2012-02-03 | 〆良心的裁判役拒否

補遺2―あとがきに代えて

 まえがきでも触れたように、本連載の叙述は裁判員制度施行前に用意していた草稿に基づいています。制度施行から3年近くが経過しようとしている現在、再考しなければならない問題が生じています。
 それは本連載の主題にとってどんでん返しにようになりますが、果たして良心的拒否‐市民的不服従だけで制度を廃止に追い込めるだろうかということです。
 このように問うことにはわけがあります。すなわち、これまでの制度運用状況を見る限り、毎年相当数の人が法律上の辞退を認められているばかりか、良心的拒否者を含むと見られる不出頭者も少なくないことの結果として、呼出状を送付された裁判員候補者のうち実際に裁判員選任手続に出席しているのは実質4割弱にとどまっています。しかも、当局は不出頭者に対する過料の制裁をまだ1件も発動していないというのです。
 こうしたデータから推察すると、司法当局としても、裁判員制度をめぐっては相当数の辞退者・拒否者が出るであろうことを想定して、それらの者は深追いしないという方針を持っていると見られます。言い換えれば、積極的な協力姿勢を示す候補者だけをピックアップして翼賛的な「少数精鋭主義」で制度を運用しようとの方針です。
 この点、裁判員制度における原則6人という裁判員数は、原則12人の陪審制と比べ、こうした「少数精鋭主義」を採りやすい員数構成になっていると言えます。
 その結果として、裁判員裁判における無罪率は従来の職業裁判官裁判よりも低く、一部で期待されていた死刑判決の抑制にもつながらず、量刑水準は総体として従来並みか、一部凶悪事件では制度施行前から始まっていた厳罰化政策に沿ってかえって重罰化の傾向を示しているのです。
 要するに、裁判員制度は本文でも述べたとおり、「犯罪との戦い」という法イデオロギーに立脚した必罰‐厳罰装置としておおむね“順調に”機能し始めており、本文でも引いた法学者・小田中聡樹氏の言葉を再引用すれば「国民に刑事裁判参加を義務付け強制することを通じて権力層に抱き込み、「統治主体意識」つまりは権力的意識・処罰意識を注入し、国家的な処罰・取締体制の基盤を強固なものとしていくこと」という支配層の狙いはかなりの程度実現できていると言ってよいでしょう。
 一方で、多くの国民が依然として制度に否定的でありながら、本文で提示したような市民的不服従のうねりは見られず、当局としても、一部の拒否者は放任しておいても制度は十分に維持していけると踏んでいるようです。
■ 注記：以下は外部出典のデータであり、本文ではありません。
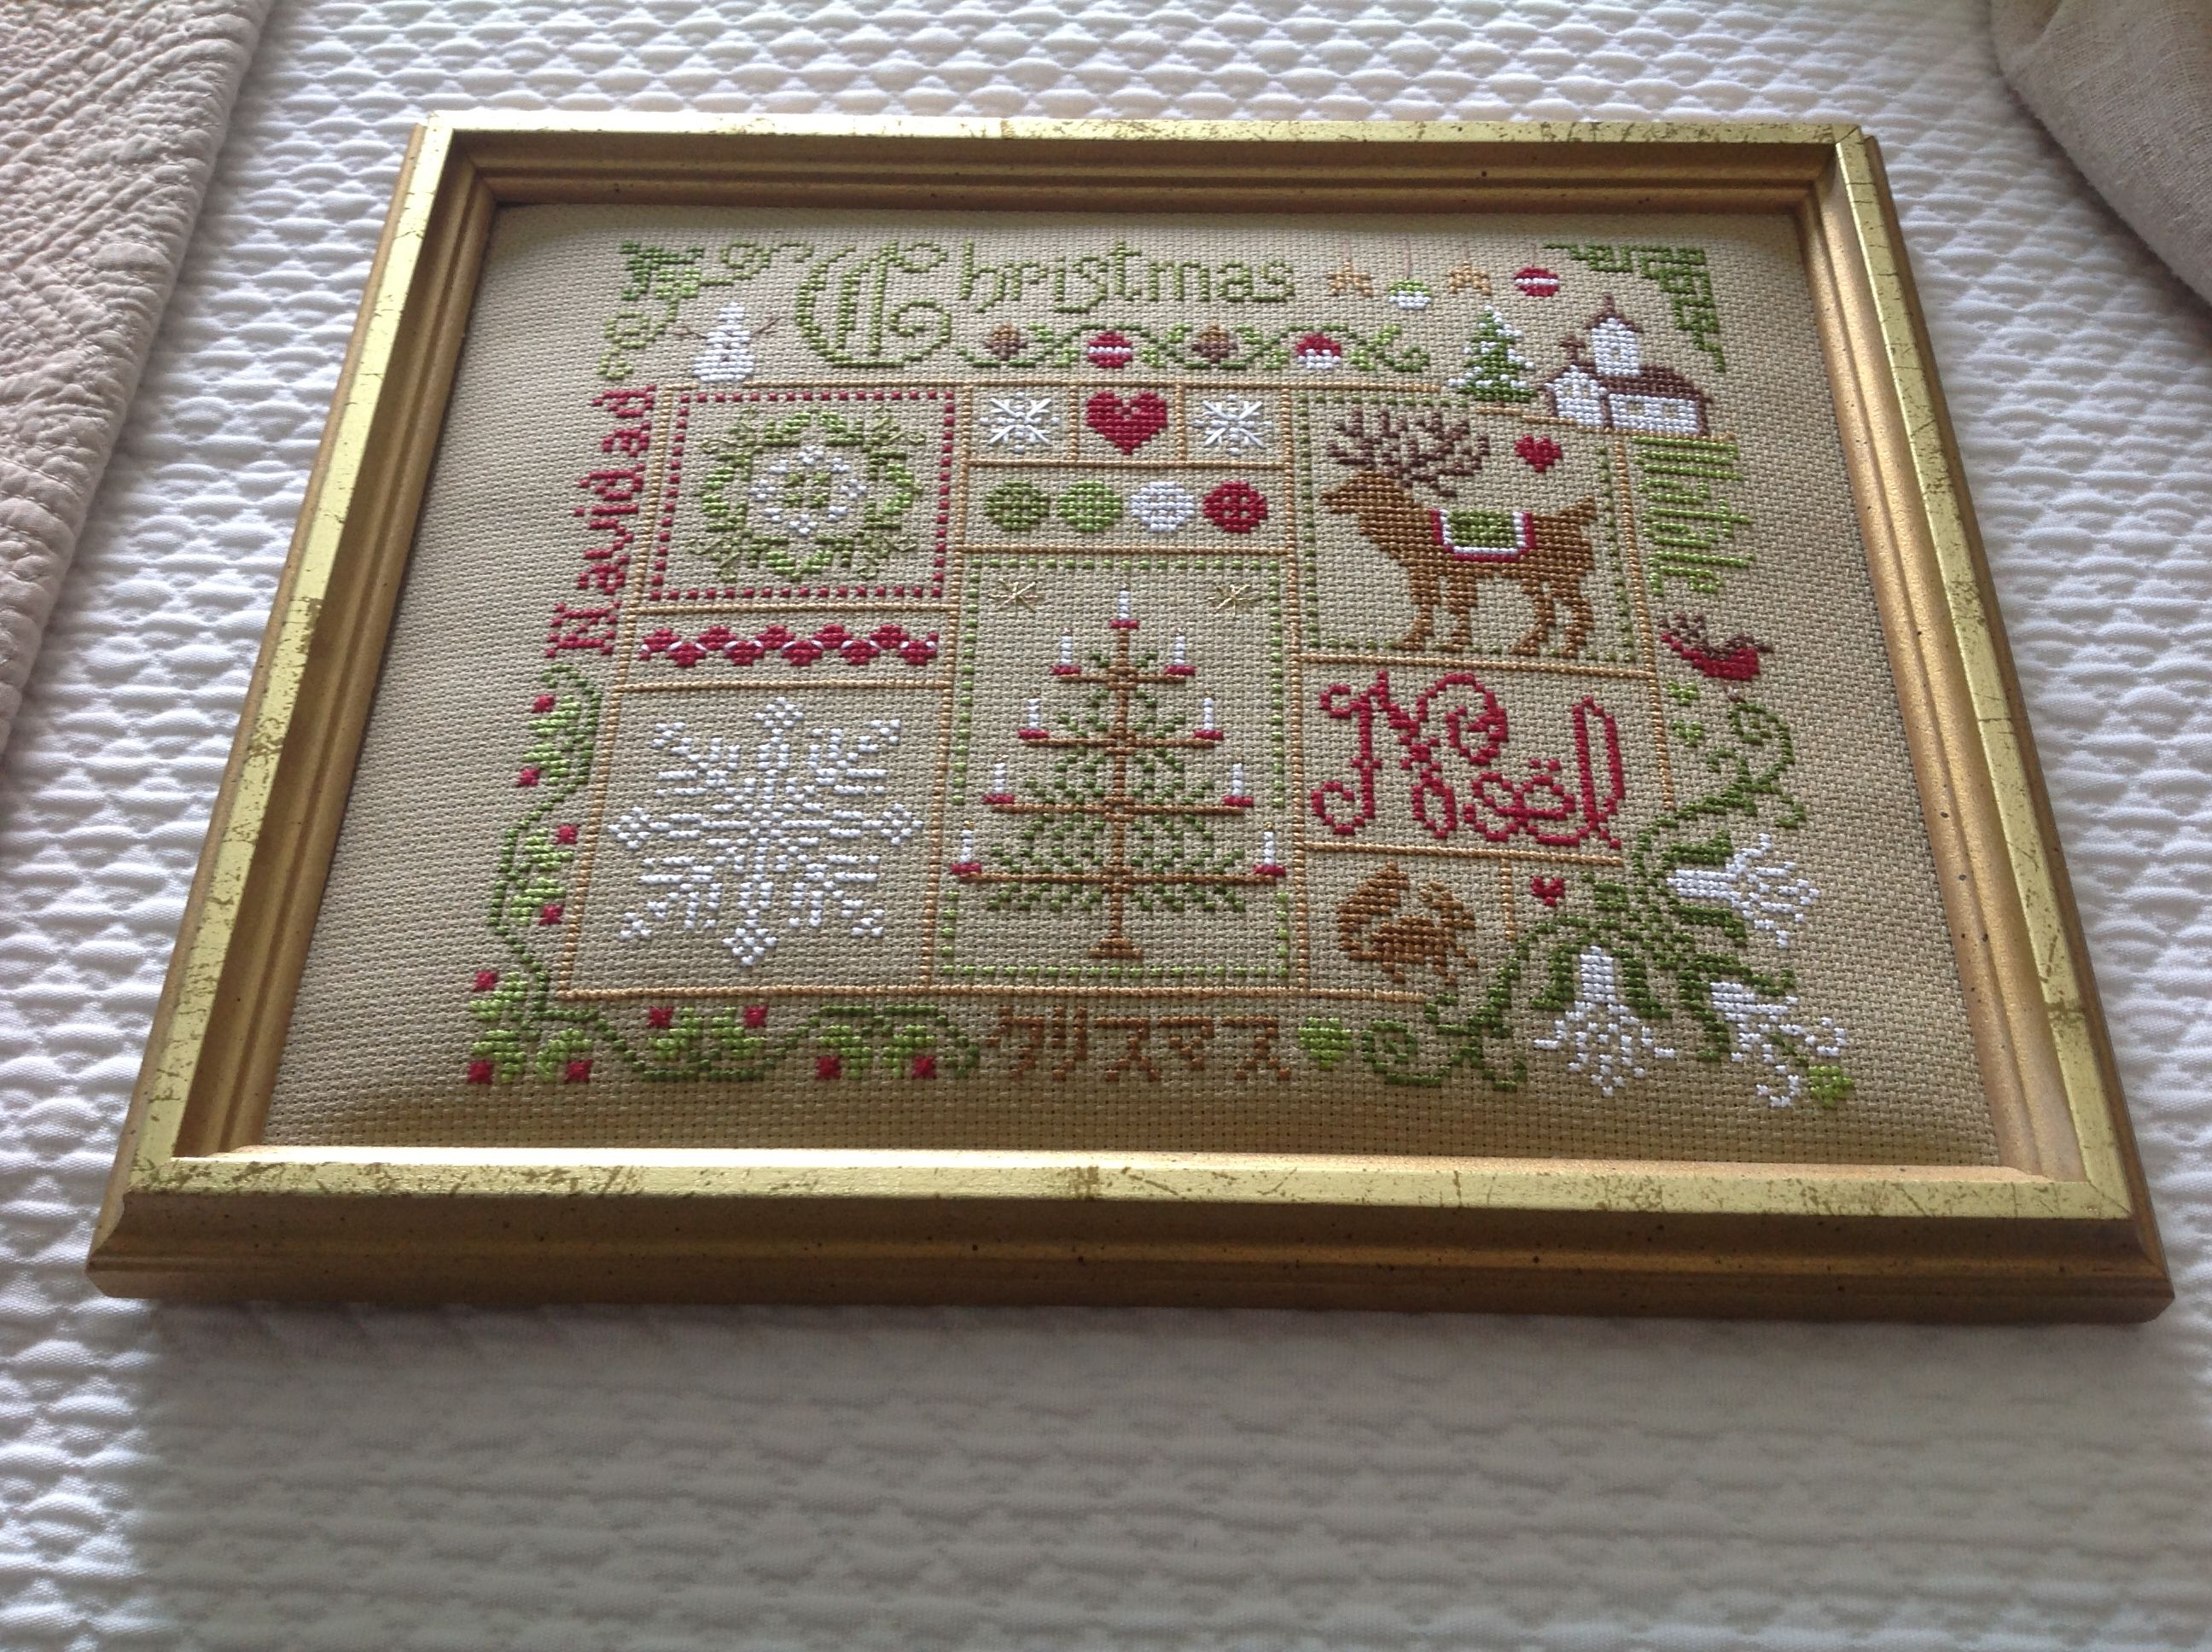 Noreen d jardin prive cross stitch winter pinterest for Jardin prive

そうなると、制度を廃止させるための戦略も見直さざるを得ないように思われるわけです。
 とはいえ、本連載が主題としてきた良心的拒否の意義が失われたわけではありません。しかし、このように制度を言わば外側から揺さぶるだけでなく、内側からも揺さぶることが必要ではないかと考えられるのです。
 裁判員制度を内側から揺さぶるとは、良心的拒否とは反対に、制度に批判的な立場に立ちつつ、あえて裁判に参加してみること―言わば「批判的裁判参加」―を意味します。
 具体的には、あえて裁判員を引き受けつつ、評議を通じて必罰・厳罰の流れに抗することです。これは一見困難なことのように見えますが、要するに「疑わしきは被告人の利益に」(無罪の推定)及び「刑罰は必要最小限度で」(刑罰の謙抑性)という刑事司法の二大鉄則に忠実な意見を堂々と述べればよいのです。
 実際、このように基本に忠実な初心的意見を述べることこそ、言葉の真の意味で「国民の健全な社会常識」に沿った裁判行動と言えるのではないでしょうか。
 このような行動をとる裁判員が増加することで、裁判員裁判が思惑どおり粛々と遂行できないようになれば、当局としても所期の狙いを外され、制度を維持していく意義を感じなくなるでしょう。
 ただし、理論編でも見たように、裁判員制度は排除の装置を何重にも用意しています。制度に批判的な者は裁判員選任手続の段階で「不公平な裁判をするおそれがある」とみなされて排除される可能性もありますが、選任手続をどうにかパスしても、審理や評議の過程で同じように判断されれば改めて解任されるおそれがあります(裁判員法41条1項7号・43条2項・同条3項)。
 従って、批判的裁判参加を完遂するには制度の是非論には言及しないなど、言動に相当な神経を使う必要があるかもしれません。
 このように、裁判員制度に対する良心的拒否と批判的参加の二つの流れが合わさることを通じて、制度廃止への道筋が見えてくるのではないかというのが、現時点での筆者の見方ということになります。
 さて、最後に、刑事司法全般に妥当する小田中氏のもう一つの警告的至言を引いて締めくくりとします。

「もし私たちが人身の自由を蔑ろにして警察、検察、裁判所の処罰権力に人身拘束、取調、起訴、裁判についての権限拡大と濫用を許せば、人間と社会の自律性は衰退し、かえって犯罪と非行は増大し、人間崩壊、社会崩壊が進むという悪循環に陥っていくでしょう。」